Venerdì, le cinque del pomeriggio. Sei spari esplodono improvvisi in una cittadina di provincia dell'Indiana. Sei colpi di fucile su una folla inerme, in una piazza del centro. Persone qualsiasi, gente che va a far spese o che sta tornando a casa per godersi il week-end. A terra cinque corpi senza vita: quattro uomini e una donna. Chi è stato? Perché? Domande che sembrano trovare risposta quando, poche ore dopo, viene arrestato un ex cecchino dell'esercito, James Barr. Le prove contro di lui sono schiaccianti, inequivocabili, eppure lui sostiene che abbiano preso la persona sbagliata, e chiede una sola cosa: "Trovatemi Jack Reacher". Ma Jack Reacher è un uomo molto difficile da trovare. Dal giorno del congedo, l'ex maggiore della polizia militare vagabonda per il Paese, fedele solo a verità e giustizia. All'insaputa di tutti, però, dalle spiagge di Miami è già partito per l'Indiana: non tanto per aiutare James Barr, ma per onorare una promessa fatta quattordici anni prima e inchiodarlo definitivamente. La prima edizione di questo romanzo è uscita presso Longanesi nel 2008 col titolo "La prova decisiva". 

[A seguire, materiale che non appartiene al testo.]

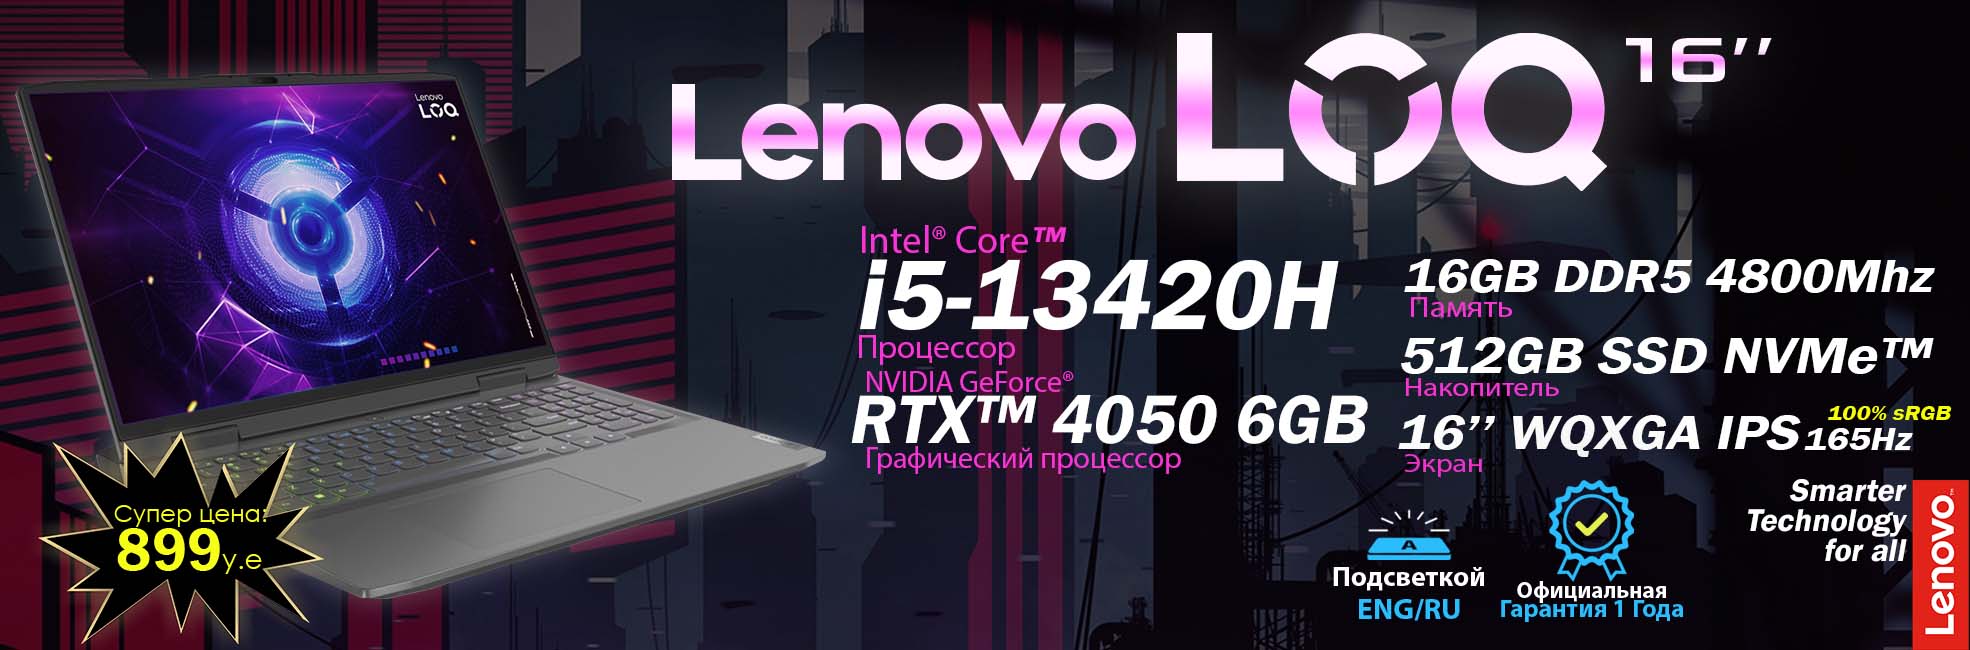 LOQ 16 i5 1970x650 1 Lenovo-ideaPad - Ноутбуки для Работы и Учёбы

Commento personale e recensione:

Oh, finalmente ci sono arrivato. Era il libro di Lee Child più atteso, una volta venuto a conoscenza dell’esistenza del film con niente popò di meno che Tom Cruise. La pellicola ancora non l’ho vista, ma ora posso farlo nella più completa serenità. O quasi. Infatti mi era venuto il dubbio che Jack Reacher, il solito protagonista, avesse ricevuto un drastico intervento di plastica non solo facciale. Da un tipo alto quasi due metri di circa centodieci chili, biondo e con una montagna di muscoli che fanno di lui una furia omicida di certo mi aspettavo un altro attore e non quello con il sorriso smagliante. Vabbeh, ne parlerò nell’attesissima recensione del film. Ora tocca al libro: lo stile è il solito, piacevole, veloce e leggero. Questa volta Child non usa la prima persona, ma narra le avventure del nostro vagabondo ex soldato raccontando in modo che tu non ti senta in obbligo di dover leggere i capitoli precedenti. Già, i richiami agli altri libri sono minimi, ma la curiosità e l’interesse per questo personaggio resta su livelli medio alti. Non il miglior thriller che abbia mai letto, forse neanche il migliore con questo protagonista, ma di sicuro è quello costruito meglio, con colpi di scena qua e là ed una struttura solida quasi fino in fondo. Sul perché e sulle motivazioni di una trama così complicata restano molti dubbi: spesso basterebbe un colpo e basta per farla finita, ma i romanzieri poi di che vivrebbero? Inoltre è ganzo il fatto che Reacher parta bello baldanzoso con un’idea, per poi ritrovarsi a fare tutto l’opposto. Eh, dura la vita per gli eroi. Piacevole, da mare, e soprattutto va letto per poi poter forse stroncare il film, che a mio modestissimo (ahaha) avviso non parte con il piede giusto.